Neuraminidase deficiency, particularly sialidosis type II, commonly has been classified as the lysosomal storage disease called mucolipidosis type I (ML I), formerly lipomucopolysaccharidosis. This is because the symptoms of neuraminidase deficiency are similar to various mucolipidosis disorders. However mucolipidoses are characterized by the accumulation of large and complex lipid-polysaccharides. In contrast, neuraminidase deficiency leads to the accumulation of specific types of short chains of sugar called oligosaccharides and of certain proteins with oligosaccharides attached to them, called glycoproteins. Thus, it may be more appropriate to classify neuraminidase deficiency as an oligosaccharide storage disease, since it leads to the accumulation of excess oligosaccharides in various tissues throughout the body and the excretion of oligosaccharides.

Neuraminidase

Neuraminidase, or sialidase, is a type of enzyme known as an exoglycosidase because it cleaves terminal sugar units, or residues, off oligosaccharides. Specifically, neuraminidase cleaves, or hydrolyzes, terminal sialic acid residues. Sialic acid, also known as N-acetylneuraminic acid, is a type of sugar molecule that often is at an end of an oligosaccharide. The oligosaccharides with sialic acid residues may be attached to proteins (glycoproteins). Therefore, neuraminidase deficiency prevents the proper breakdown of oligosaccharides and glycoproteins that contain sialic acid and the disorder is characterized by the accumulation and excretion of these substances.

In addition to interfering with the lysosomal breakdown of sialic acid compounds, neuraminidase deficiency can lead to abnormal proteins. Following protein synthesis, some lysosomal enzymes reach the lysosome in an inactive form and require further processing for activation. One such processing step is the neuraminidase-catalyzed removal of sialic acid residues from oligosaccharides on the enzymes. Lysosomal hydrolases that require further processing by neuraminidase include acid phosphatase, alpha-mannosidase, arylsulfatase B, and alpha-glucosidase.

Under conditions of neuraminidase deficiency, sialyloligosaccharides accumulate in various cells, including lymphocytes (white blood cells that produce antibodies), fibroblasts (connective tissue cells), bone marrow cells, Kupffer cells of the liver, and Schwann cells, which form the myelin sheaths of nerve fibers. Furthermore, proteins with sialic acid attachments accumulate and can be detected in fibroblasts and in the urine.

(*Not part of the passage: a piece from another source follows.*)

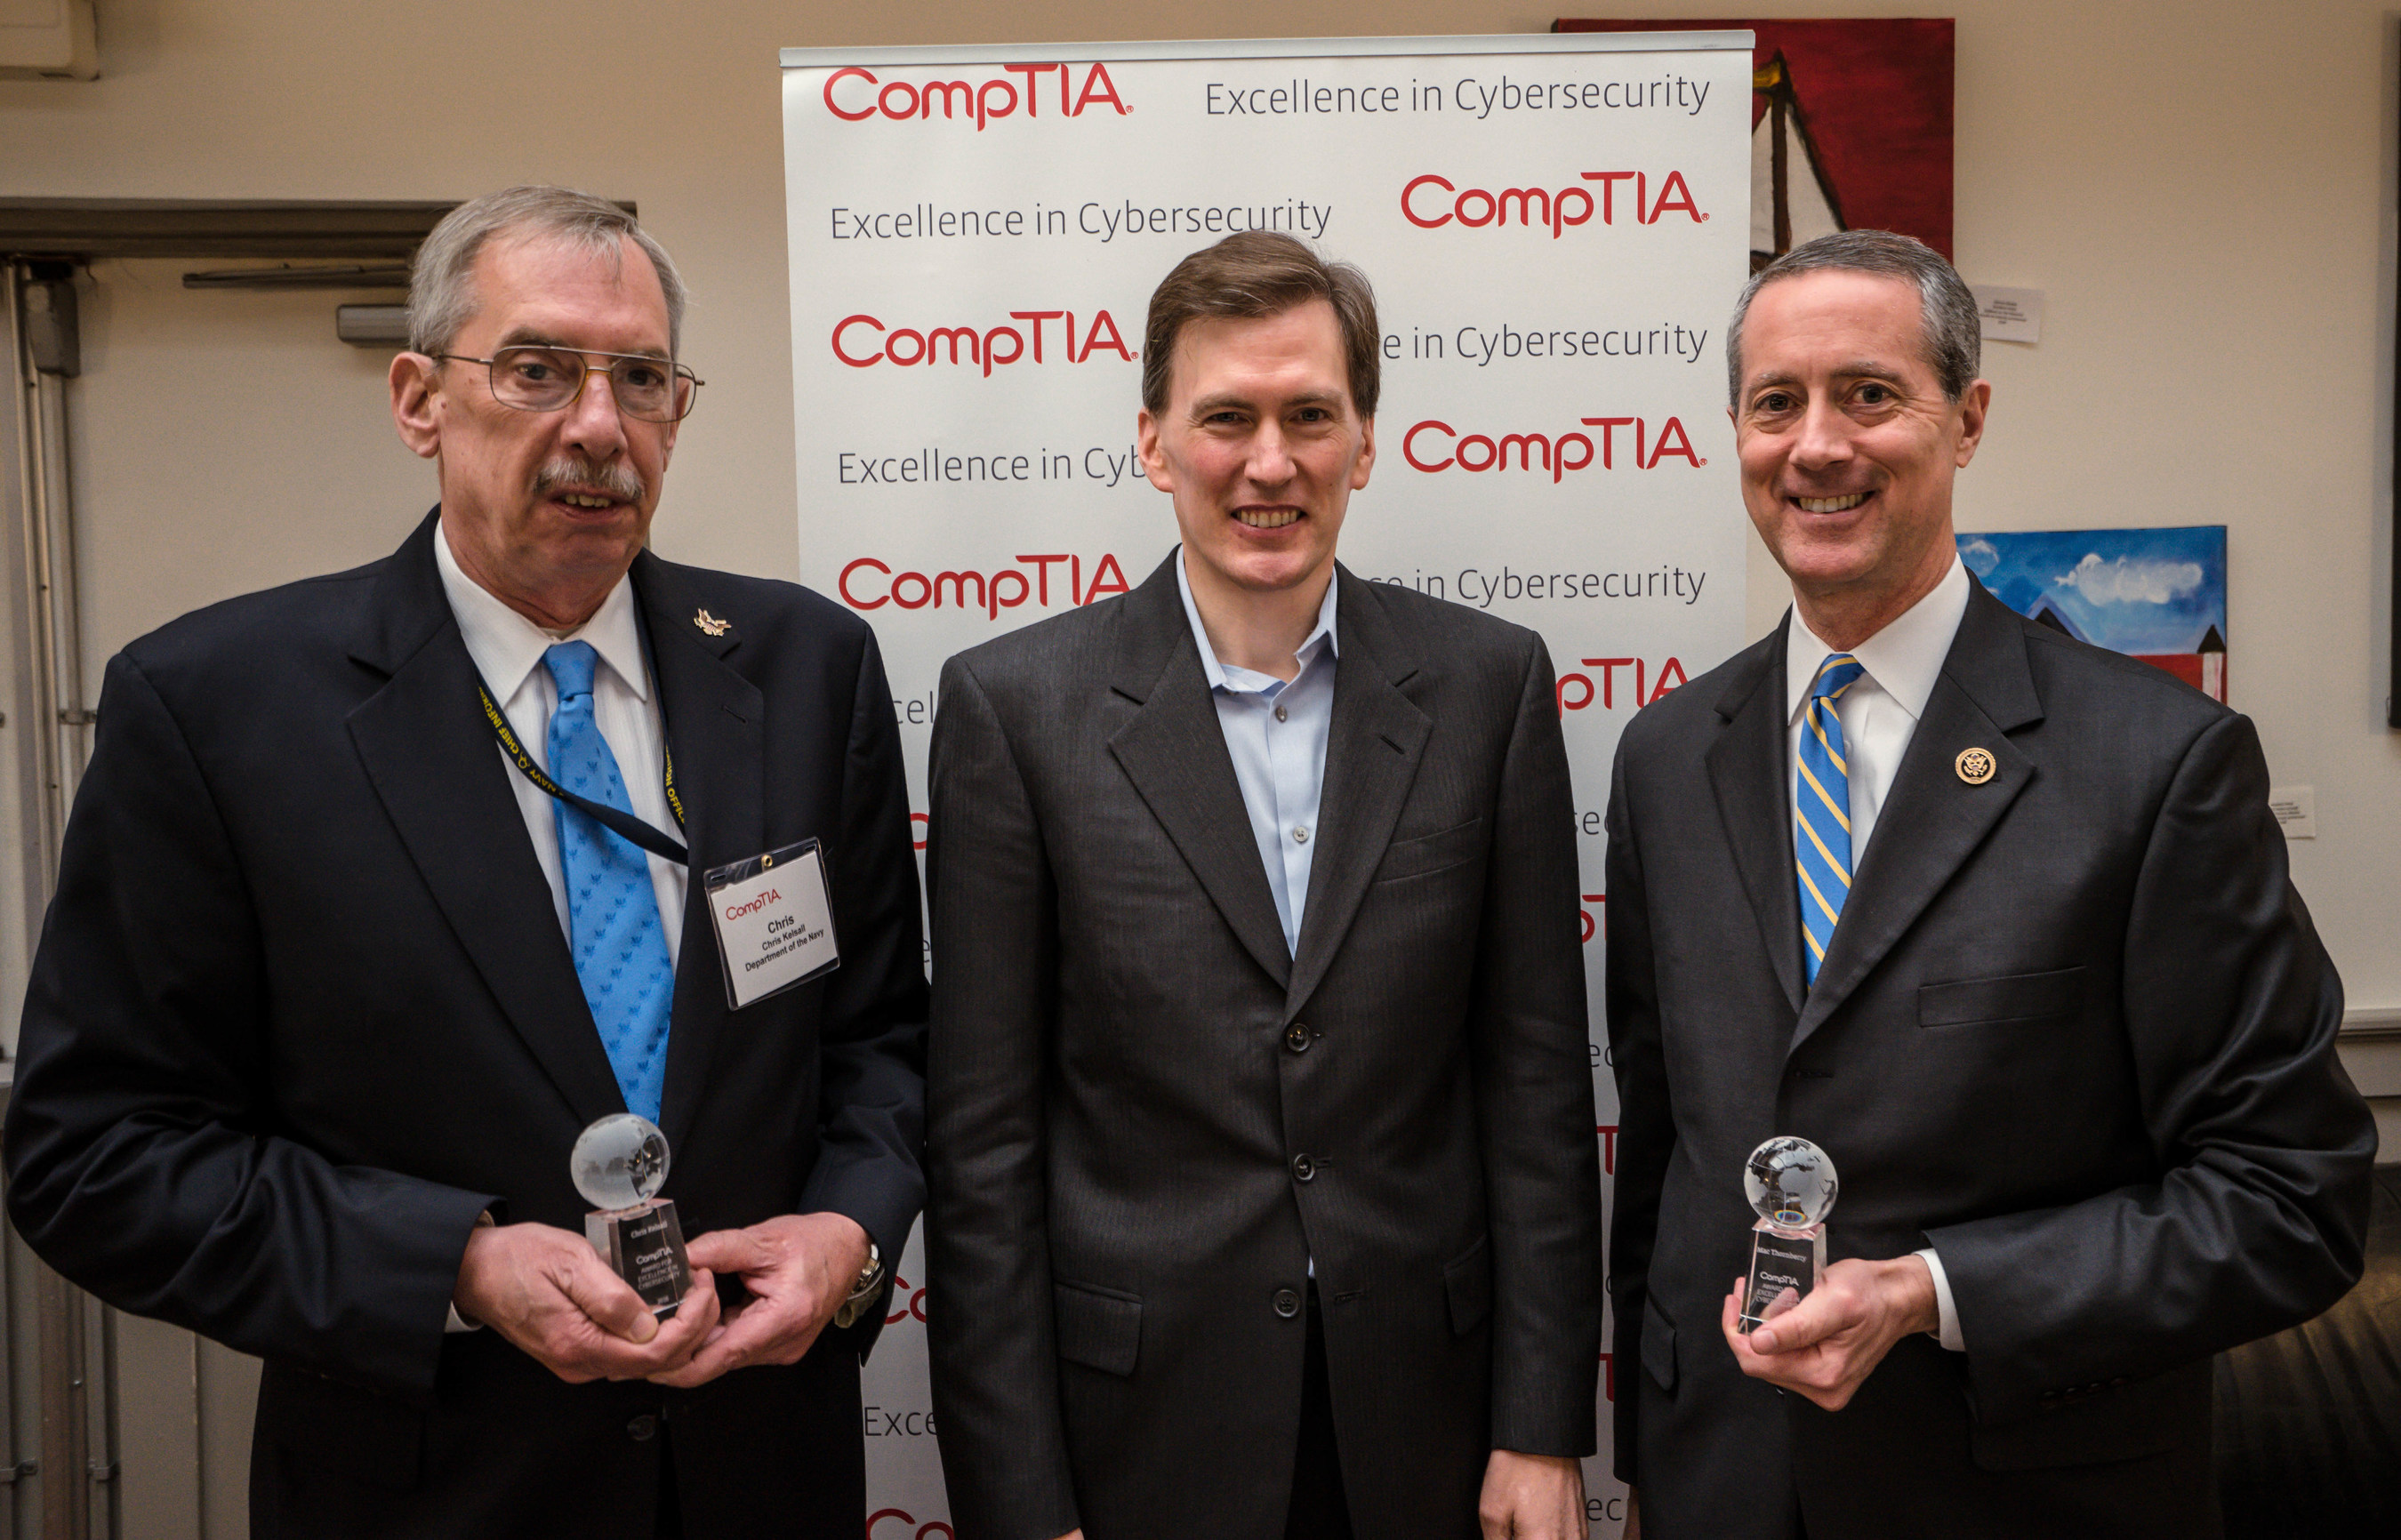 A Texas congressman and a federal agency program manager who have promoted the wise use of federal dollars to improve the cybersecurity skills of those who work for the U.S. government were honored Tuesday by the Computing Technology Industry Association. The 2016 CompTIA Excellence in Cybersecurity awards were presented to Chris Kelsall (left), Branch Head, Cyber Workforce, U.S. Navy, and Congressman Mac Thornberry (TX-13) (right), Chairman House Armed Services Committee. Todd Thibodeaux (center), president and CEO of CompTIA, presented the awards during a ceremony in Washington, D.C.

Neuraminidase exists in the lysosome in a high-molecular-weight complex with three other proteins; the enzyme beta-galactosidase, the enzyme N-acetylgalactosamine-6-sulfate sulfatase (GALNS), and a multi-functional enzyme called protective protein/cathepsin A (PPCA). Neuraminidase must be associated with PPCA in order for the neuraminidase to reach the lysosome. Once inside the lysosome, PPCA mediates the association of as many as 24 neuraminidase molecules to form active neuraminidase. The active enzyme remains associated with PPCA and beta-galactosidase, which appear to be necessary for protecting and stabilizing the neuraminidase activity. A distinct lysosomal storage disease, neuraminidase deficiency with beta-galactosidase deficiency, or galactosialidosis, results from mutations in the gene encoding PPCA. In this disorder, both neuraminidase and beta-galactosidase are deficient.